* [What is expected]: The material below holds pictures; leave them out and reproduce exactly the lines from the one with "05192-064-141 Amerikaanse overall" through the one with "spring-sale-2021-banner-offer-2.png", inclusive.

* [Provided records]:
/---

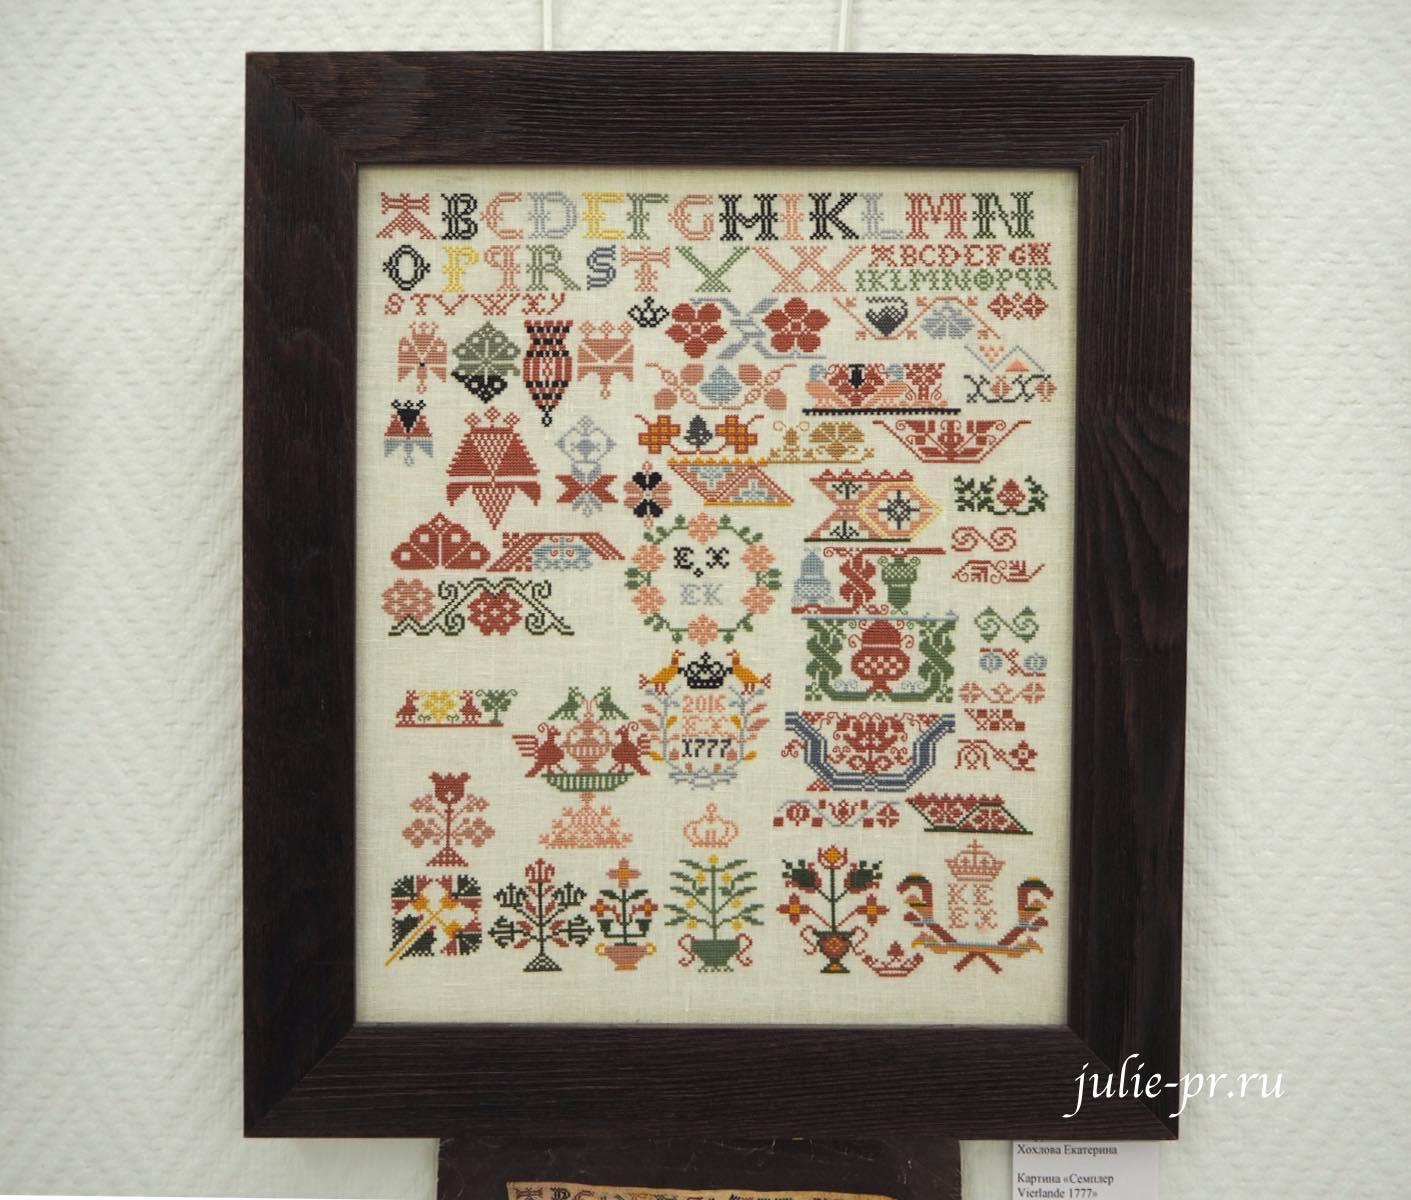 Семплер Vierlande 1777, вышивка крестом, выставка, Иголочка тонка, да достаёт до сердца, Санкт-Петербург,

\---
/---

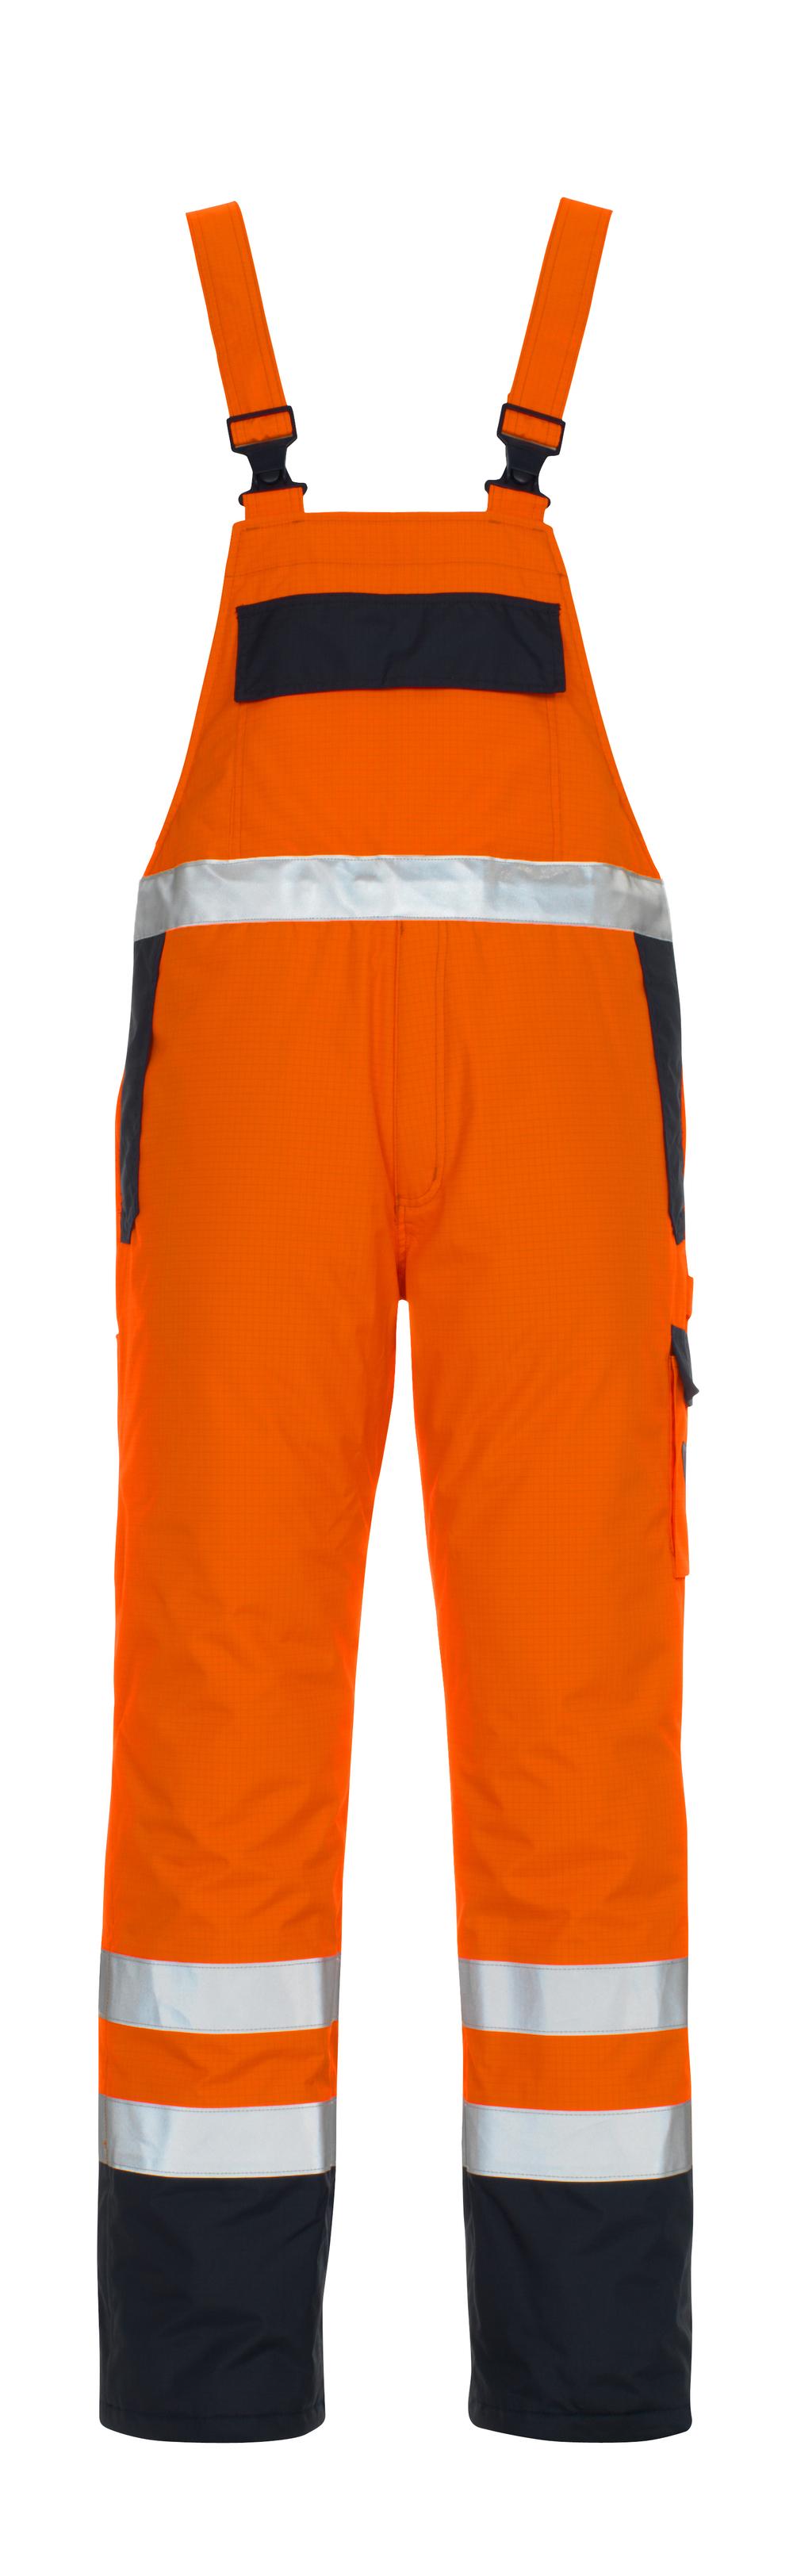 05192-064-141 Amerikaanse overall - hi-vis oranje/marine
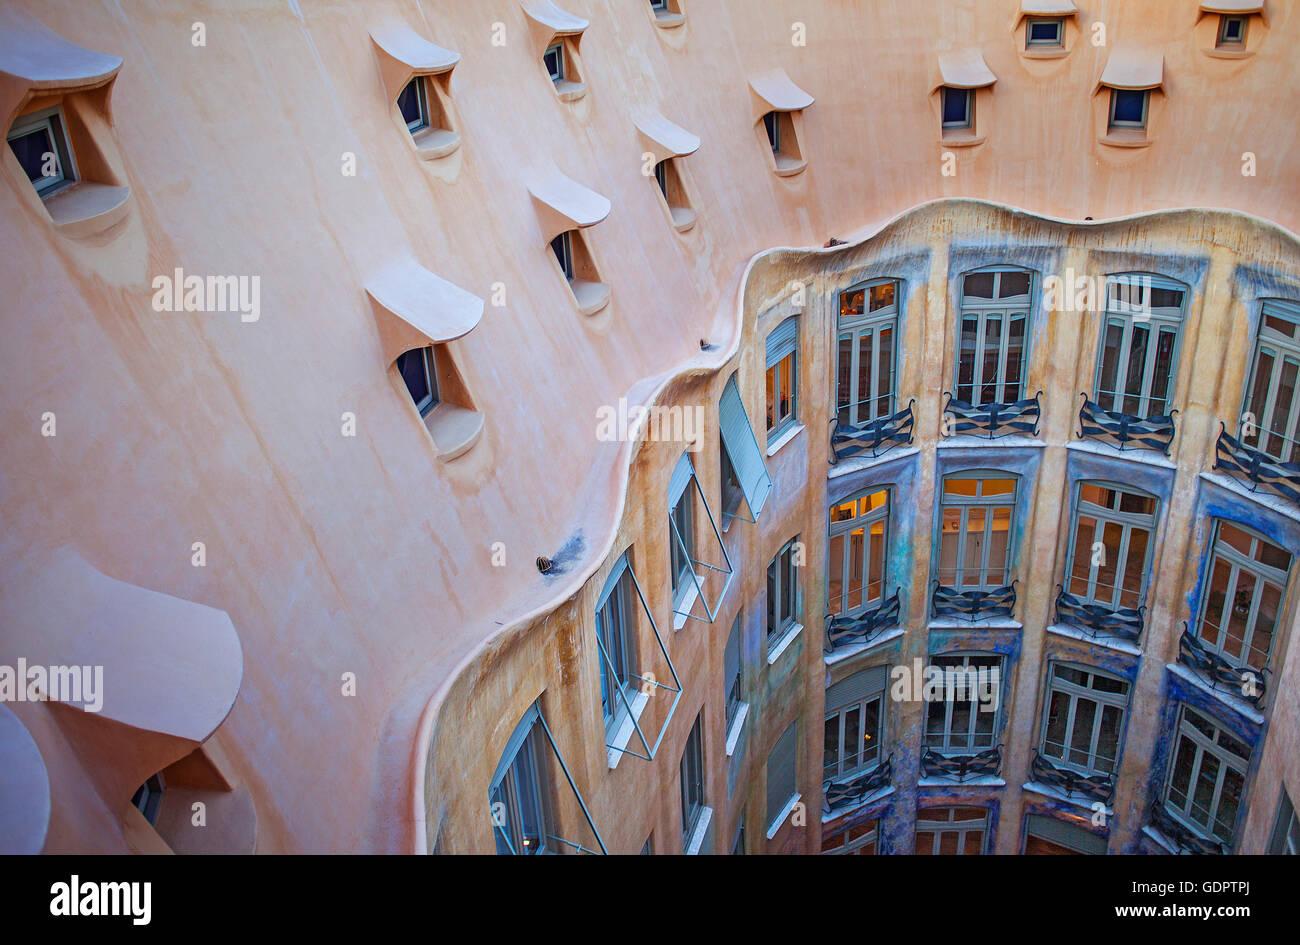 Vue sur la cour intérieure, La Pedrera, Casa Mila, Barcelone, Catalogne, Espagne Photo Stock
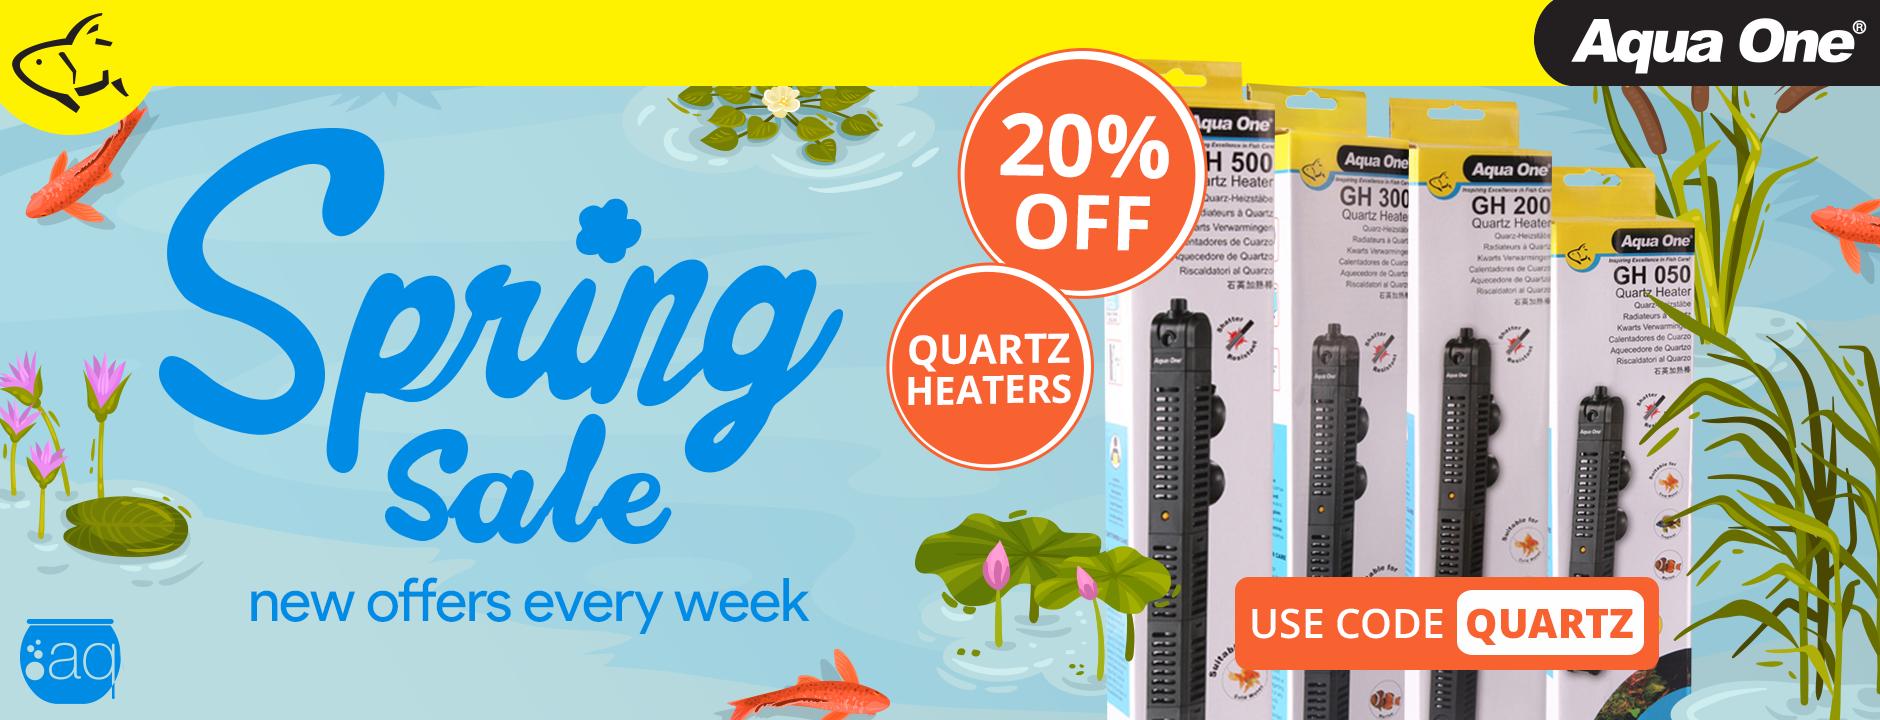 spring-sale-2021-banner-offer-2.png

\---

* [Your solution]:
 05192-064-141 Amerikaanse overall - hi-vis oranje/marine
 Vue sur la cour intérieure, La Pedrera, Casa Mila, Barcelone, Catalogne, Espagne Photo Stock
 spring-sale-2021-banner-offer-2.png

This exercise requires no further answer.